But the ANC cannot lose Winnie Mandela's constituency, either. More than half of the ANC's 700,000 members are in the youth league, and dumping her could drive them into more radical groups, such as the Pan-Africanist Congress and the Azanian People's Organization.
"She may not be an angel," added Mpofu, her deputy, "but you cannot ignore reality. She has support." (Mpofu reportedly has been intimately involved with Winnie Mandela for several years. He says the accusations are "rubbish" and that they are just close friends.)
Winnie Mandela's supporters don't pay much attention to the controversy swirling around her. The white government has tried to silence and discredit her for three decades. Why, they ask, should it be any different today?
She was convicted last year on charges of kidnaping and assaulting four young men in the rooms behind her home in 1988. She denied any involvement, and her co-defendants supported her.
But in recent weeks, those co-defendants have gone to the newspapers with accusations that she played a direct role in the beatings, including the death of 14-year-old Stompie Seipei, and may have ordered the killing of a Soweto doctor a few days after he reportedly examined Seipei.
Her separation from Nelson Mandela after 33 years of marriage, announced by the stoical leader April 13, seemed to be an insurmountable blow to Winnie Mandela's political career.
But Nelson Mandela, who took the painful step at the encouragement of other ANC leaders, took care not to criticize her. He said his love for her remained "undiminished," and he lauded her long anti-apartheid efforts as a credit to the struggle for black liberation.
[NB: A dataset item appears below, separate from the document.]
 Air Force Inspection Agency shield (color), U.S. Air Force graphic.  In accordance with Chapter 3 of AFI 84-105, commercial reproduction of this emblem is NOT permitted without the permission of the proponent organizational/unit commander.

Close friends of the couple say Mandela, who is 17 years older than his wife, remains deeply grateful to her for the courageous battles she fought against the state during his 27 years in prison. And despite the many rumors of her infidelities, they say he still has affection for her.
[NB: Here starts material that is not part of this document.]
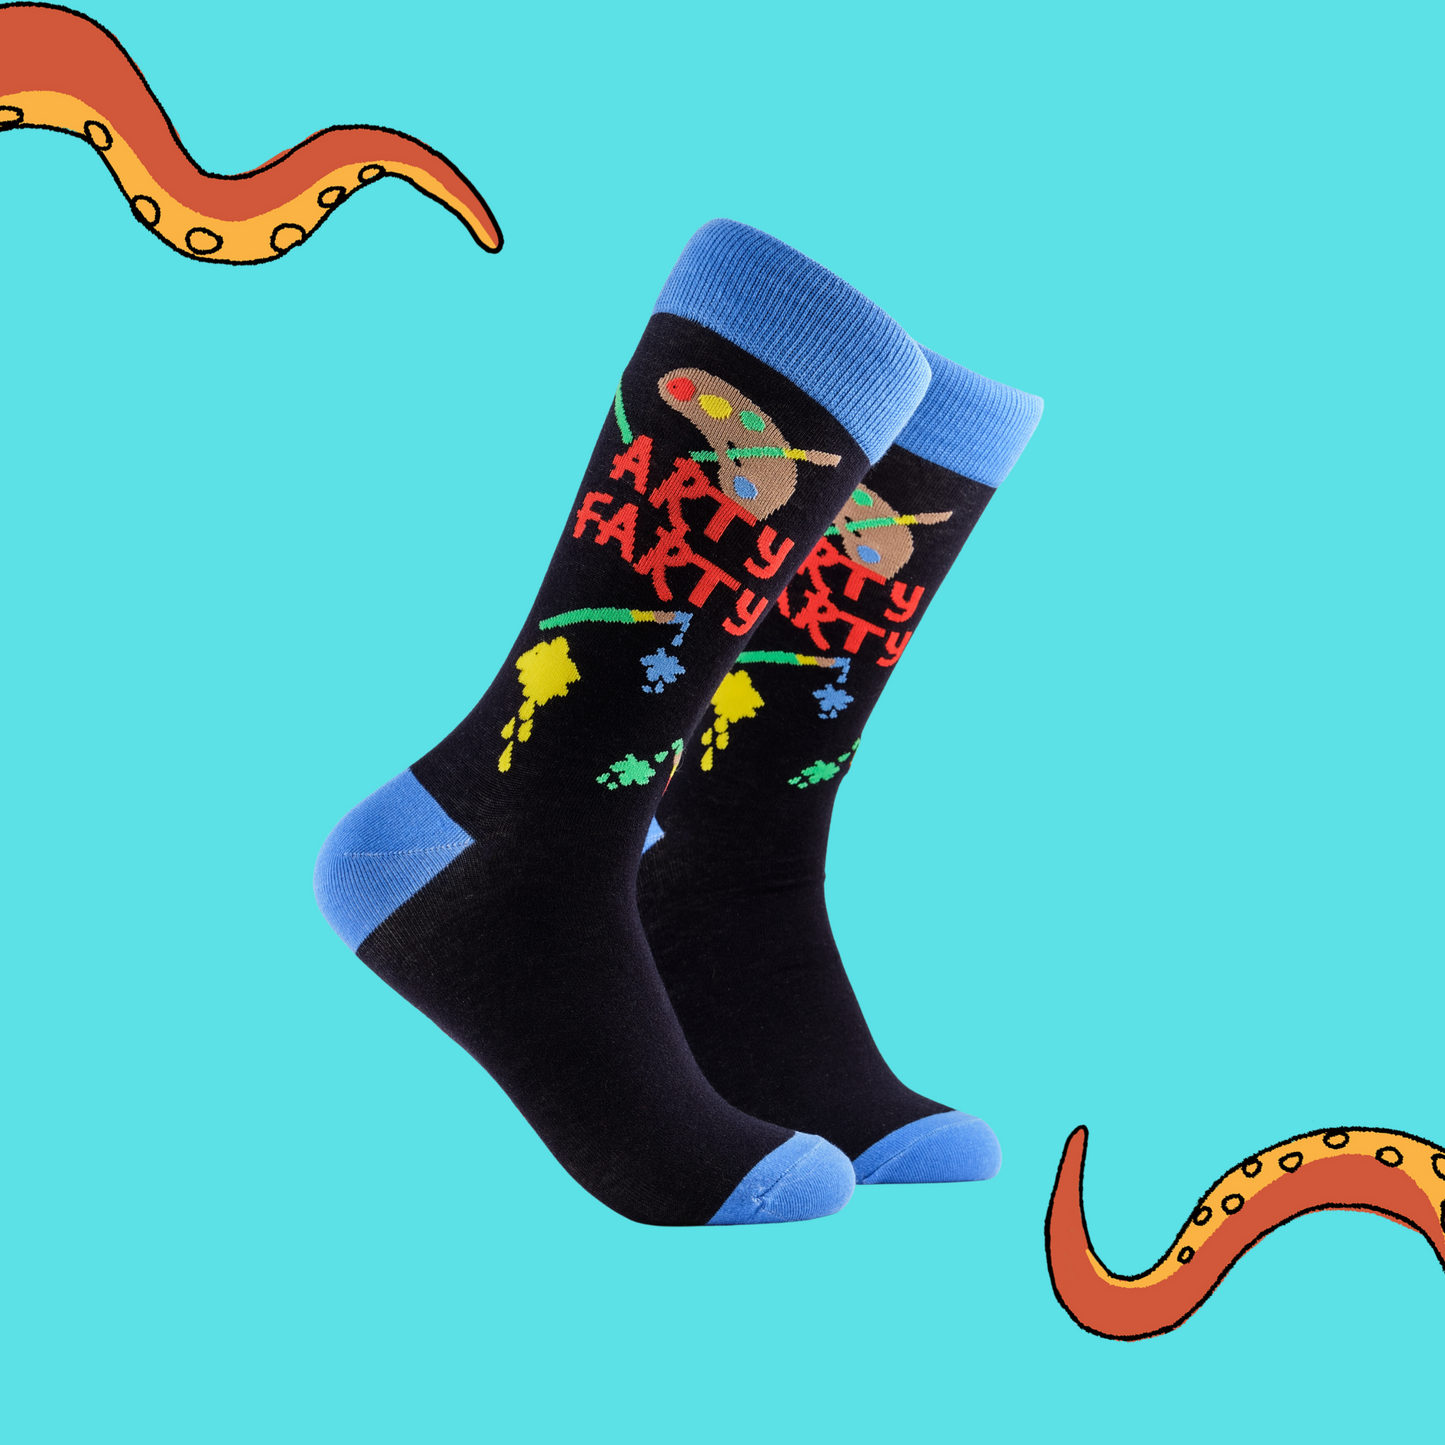 Art Socks - Arty Farty. A pair of socks depicting an artist pallet and paint splashes. Dark blue legs, light blue cuff, heel and toe.

Mandela says she remains committed to the ANC and the anti-apartheid struggle but that she's resigned to having enemies inside and outside the ANC.
Her most vocal critics have included ANC supporters, among them the Weekly Mail newspaper.
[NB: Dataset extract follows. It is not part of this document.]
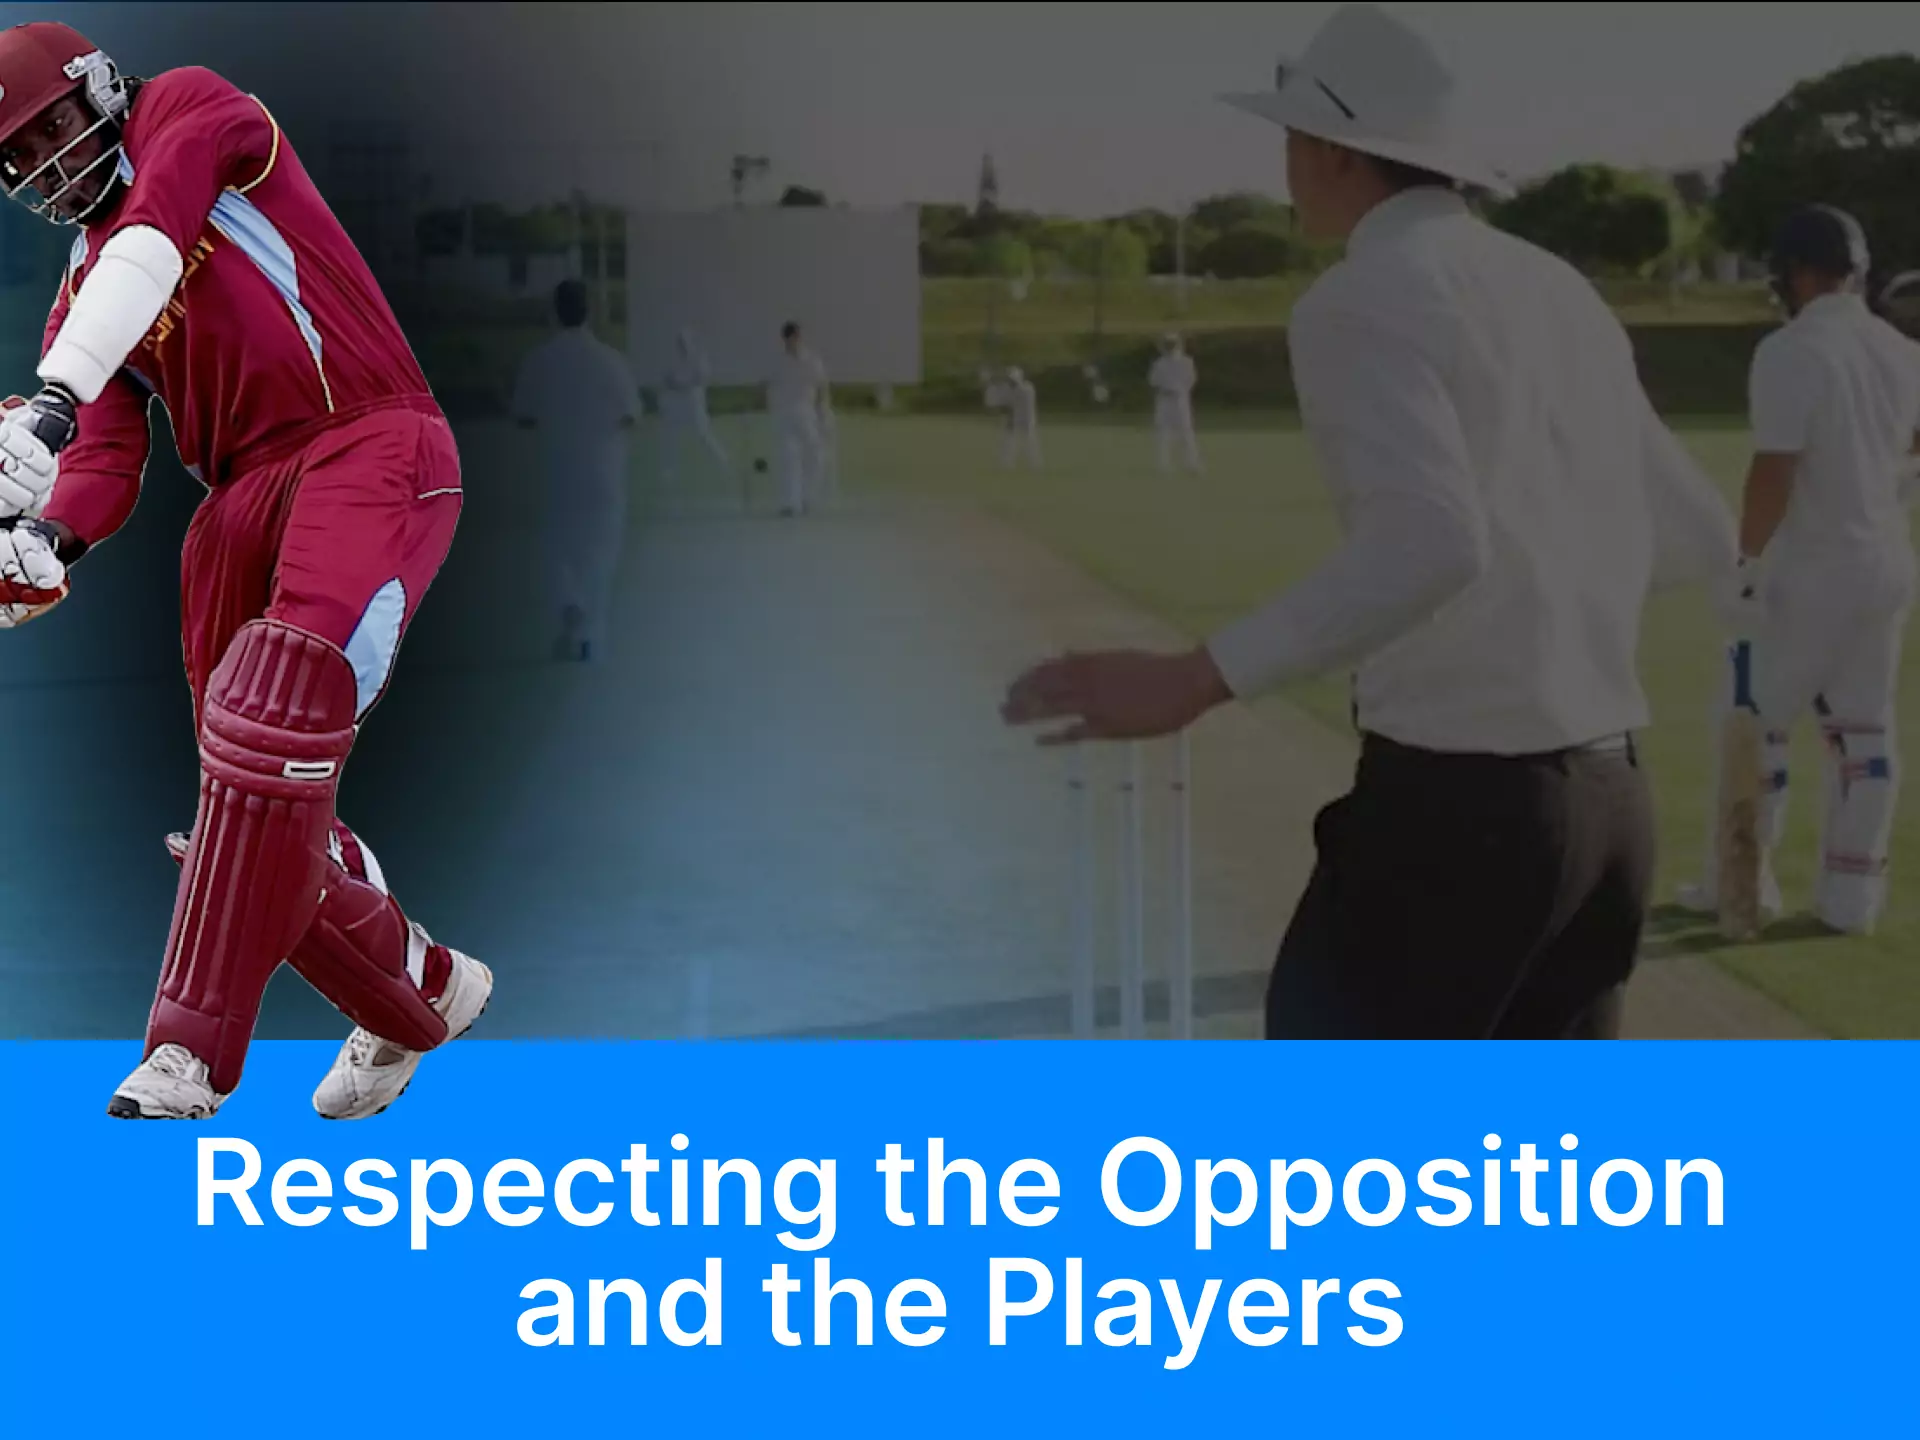 Learn what is consider polite in cricket and how to behave toward partners and opponents in the game.

Under the headline "End of a Myth," Weekly Mail writer Gavin Evans recently argued that Winnie Mandela's power and national stature were a myth created by foreign governments and local and foreign journalists enamored with her husband's name. Winnie Mandela, Evans wrote, was nothing more than "a tough campaigner blessed with huge doses of physical courage but with no political discipline, a penchant for violence, a total incapacity to learn from her own mistakes and, frankly, a considerable capacity for evil."
In fact, Winnie Mandela is a complex, stridently independent woman, say those who know her best. Her friends say her personality was shaped by those early encounters with the enforcers of apartheid.
They arrested her dozens of times, kept her in solitary confinement for 18 months, banned her from speaking to groups or reporters and banished her to the dusty township of Brandfort in an effort to silence her.
By her own estimation, the authorities turned this "little countryside girl from the backveld" into a tough, streetwise political operative who learned how to hate. And she did give the government fits.
But the attention she received, and the supplication she encountered among blacks, also built a towering ego and a lack of respect for all authority, even that in the anti-apartheid movement itself.
Nelson Mandela's release from prison in February, 1990, put a temporary end to his wife's political activity. But she soon grew impatient with her husband's moderate views and returned to the fray, to the dismay of many ANC leaders.
"She's always gone where the fires were burning," Mpofu said. "Inevitably, a straightforward personality like hers is going to trample on people's toes."